Existem também os sonhadores, aqueles cuja criatividade brota de uma pré-concepção de como o mundo deve ser organizado, em geral inspirada por conceitos estéticos, como simetria e beleza. "Sonhadores" talvez seja uma caracterização exagerada. Mas o ponto é que, sem a impetuosidade, às vezes quase que irracional, que vem da inspiração, fica difícil desvendar os mistérios mais profundos da natureza. Ou seja, para os sonhadores, acreditar na verdade de suas idéias é fundamental, mesmo que elas sejam inicialmente ridicularizadas por outros sonhadores ou por pragmáticos.

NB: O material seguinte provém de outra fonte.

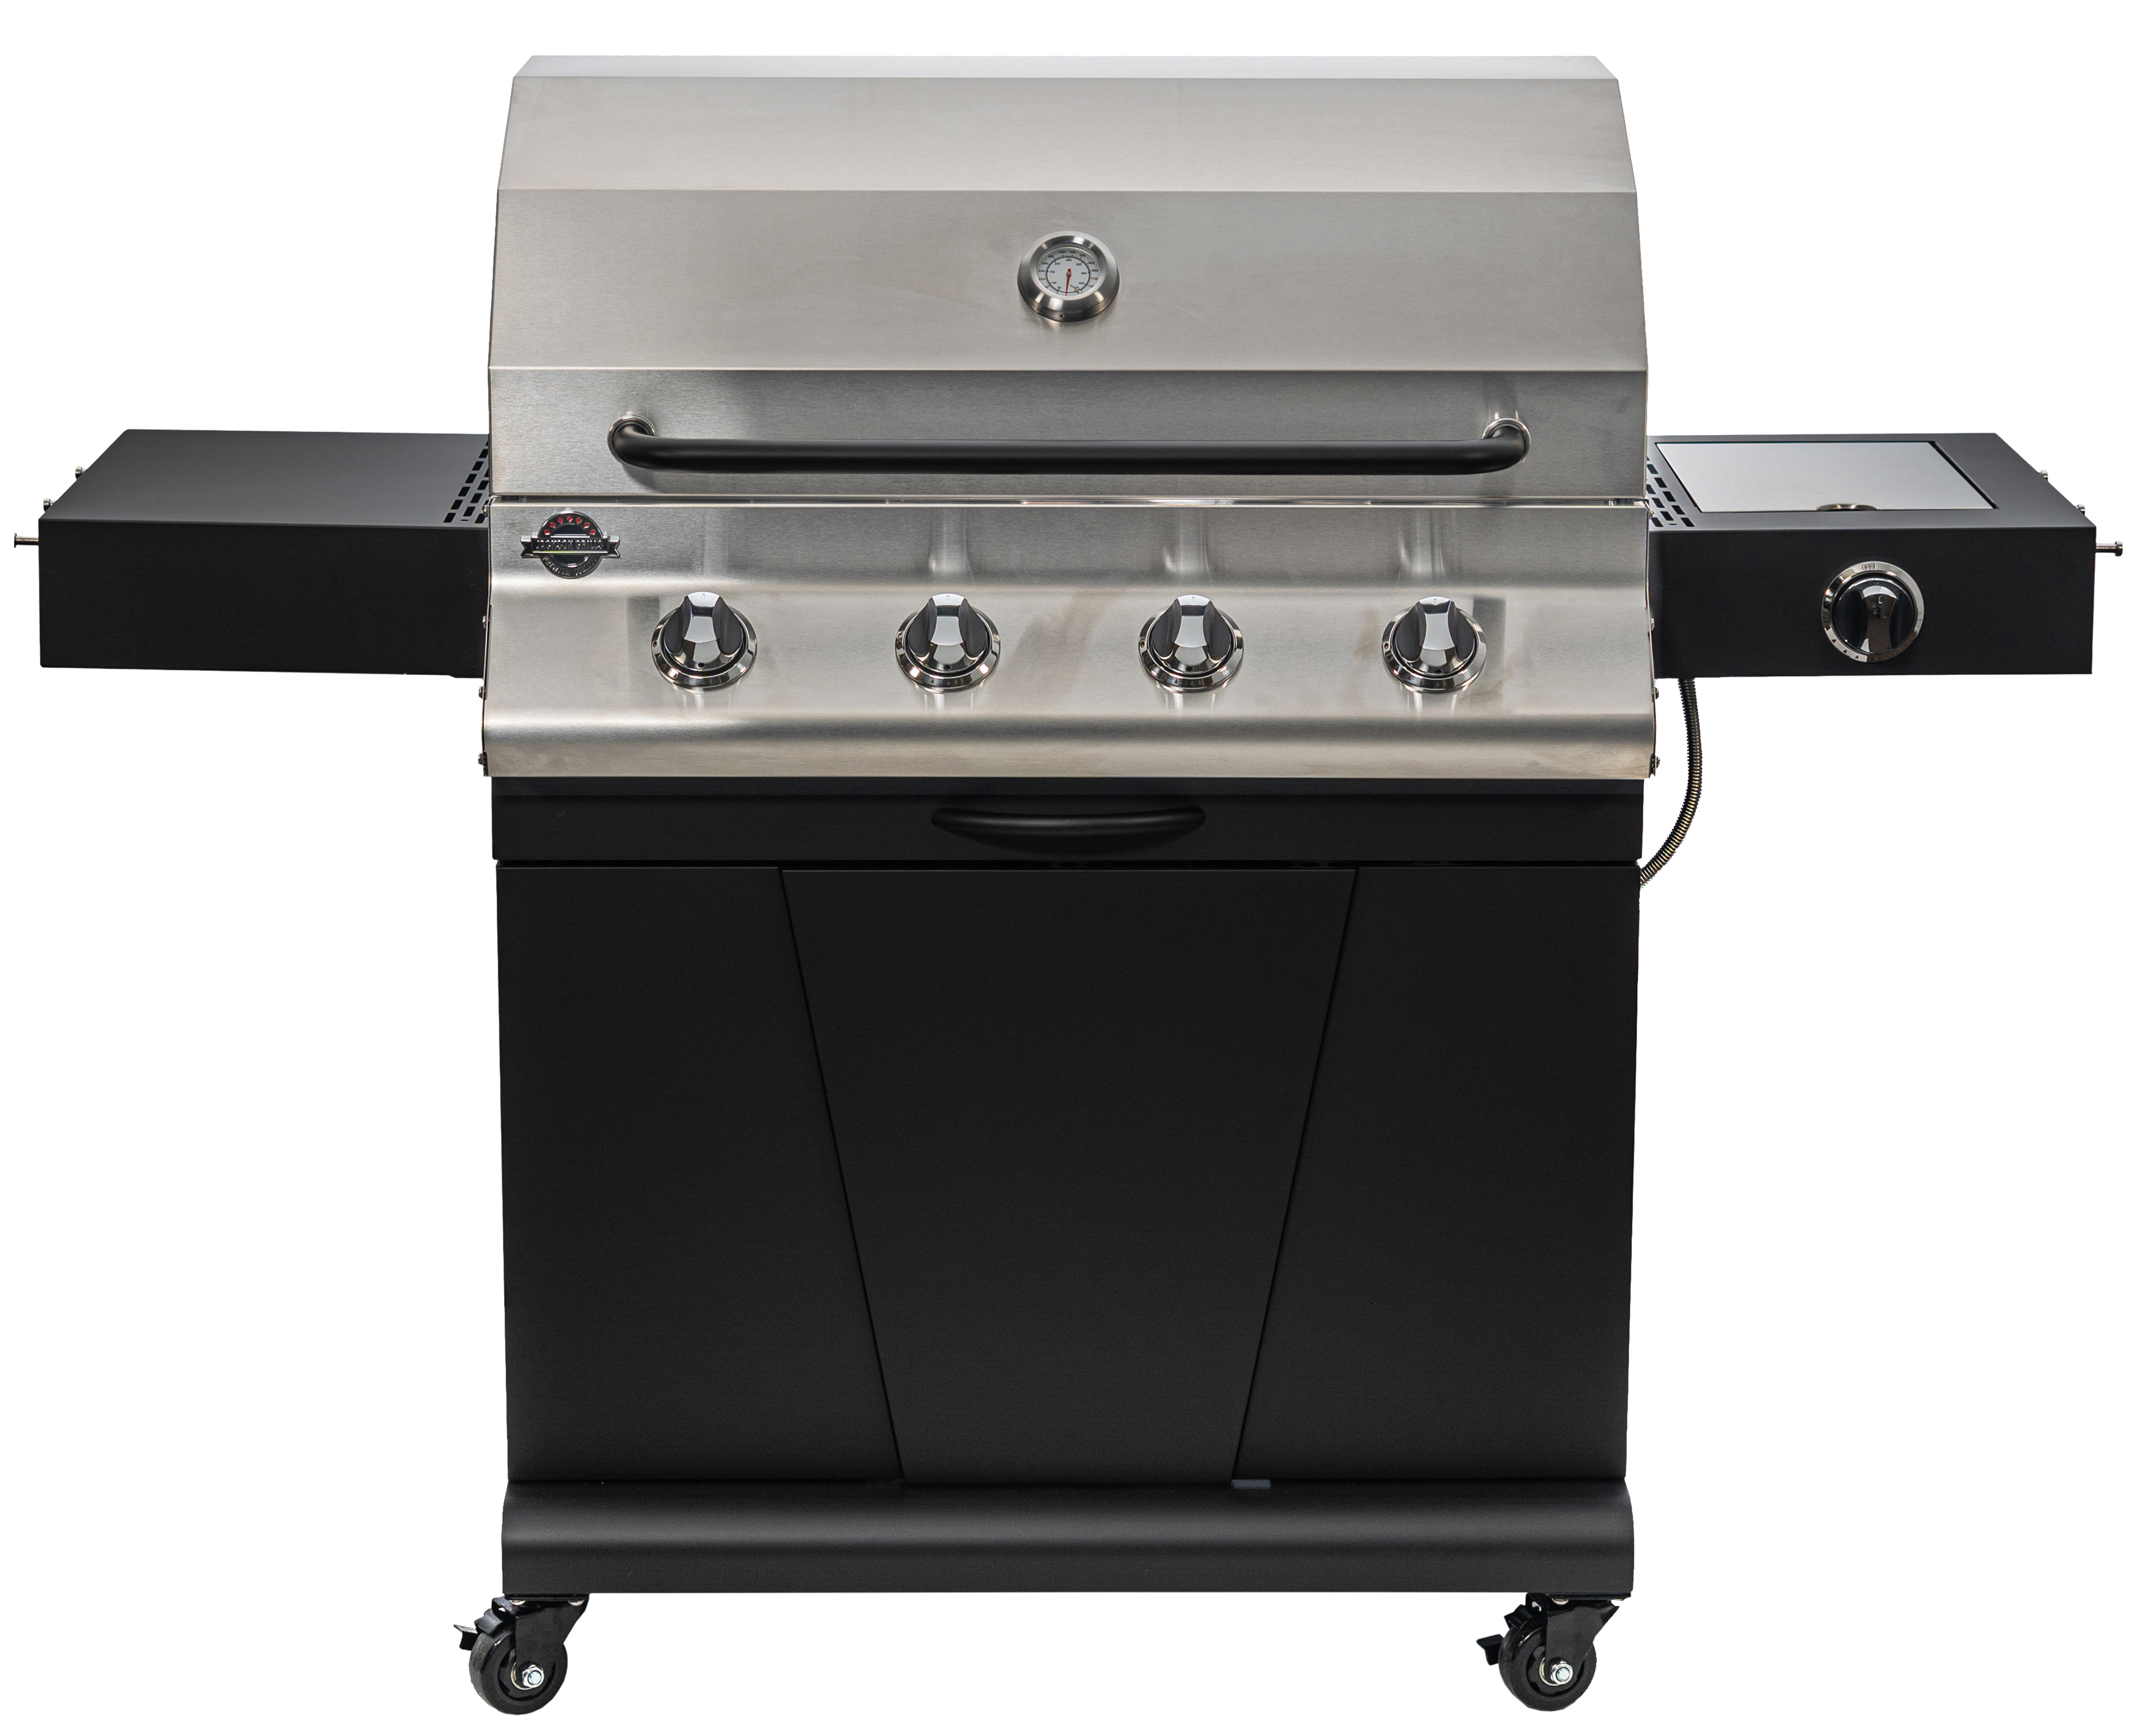 stainless steel grill

Claro, o adjetivo "sonhador", aqui, deve ser interpretado dentro de parâmetros científicos. Sonho não significa a atividade onírica comum a todos, mas a inspiração que leva à construção de teorias cujas previsões devem ser testadas cuidadosamente. Afinal, está se falando de criatividade em ciência e não se deve perder de vista que sua missão é explicar o funcionamento do mundo à nossa volta (e o que existe dentro de nós).

Existem inúmeros exemplos na história da ciência de pragmáticos e sonhadores. Mas poucos ilustram tão bem a diferença entre os dois processos criativos quanto as histórias do dinamarquês Thycho Brahe (1546-1601) e do alemão Johannes Kepler (1571-1630).

Brahe transformou a astronomia com a introdução de instrumentos de altíssima precisão, no final do século 16. Ele morreu oito anos antes da introdução do telescópio como instrumento astronômico. Portanto, todas as suas medidas das posições dos astros celestes, de planetas e cometas a estrelas e "estrelas novas" (hoje chamadas supernovas), foram realizadas a olho nu.

Na época, o modelo introduzido por Copérnico em 1543, que tinha o Sol e não a Terra no centro do cosmo, ainda não era universalmente aceito. Brahe, armado de seus instrumentos, entendeu que a questão só seria resolvida definitivamente a partir de dados extremamente precisos.
Como tinha dinheiro, pôde financiar a construção de instrumentos que foram então usados na coleta de dados. Mas a Brahe, brilhante observador, faltava o talento que poria então esses dados em ordem, montando o arcabouço teórico que explicaria a estrutura do cosmo. Aqui entra Kepler, o sonhador.

Kepler foi convidado por Brahe para ser seu assistente no início de 1600. Mesmo sem dados precisos, ele já havia "adivinhado" a estrutura do cosmos. Para ele, apenas a geometria poderia fornecer uma resposta precisa. Isso porque Kepler era herdeiro das idéias dos pitagóricos, que viam a organização cósmica como sendo dependente dos arranjos dos números e das formas geométricas. Para Kepler, Deus era um geômetra, que certamente usou essas proporções estéticas no desenho do cosmo. A questão era encontrar o arranjo preciso. E, para isso, Kepler precisava de dados.

O encontro entre os dois, apesar de muito tempestuoso, mudou a história da astronomia. Com os dados de Brahe, Kepler obteve as três leis que regem o movimento dos planetas em torno do Sol, confirmando definitivamente o sistema copernicano e fornecendo os elementos matemáticos que Newton mais tarde usou em sua Teoria da Gravitação Universal. A moral da história? Sem dados não há ciência; sem sonhos ela pode dar passos, mas não grande saltos.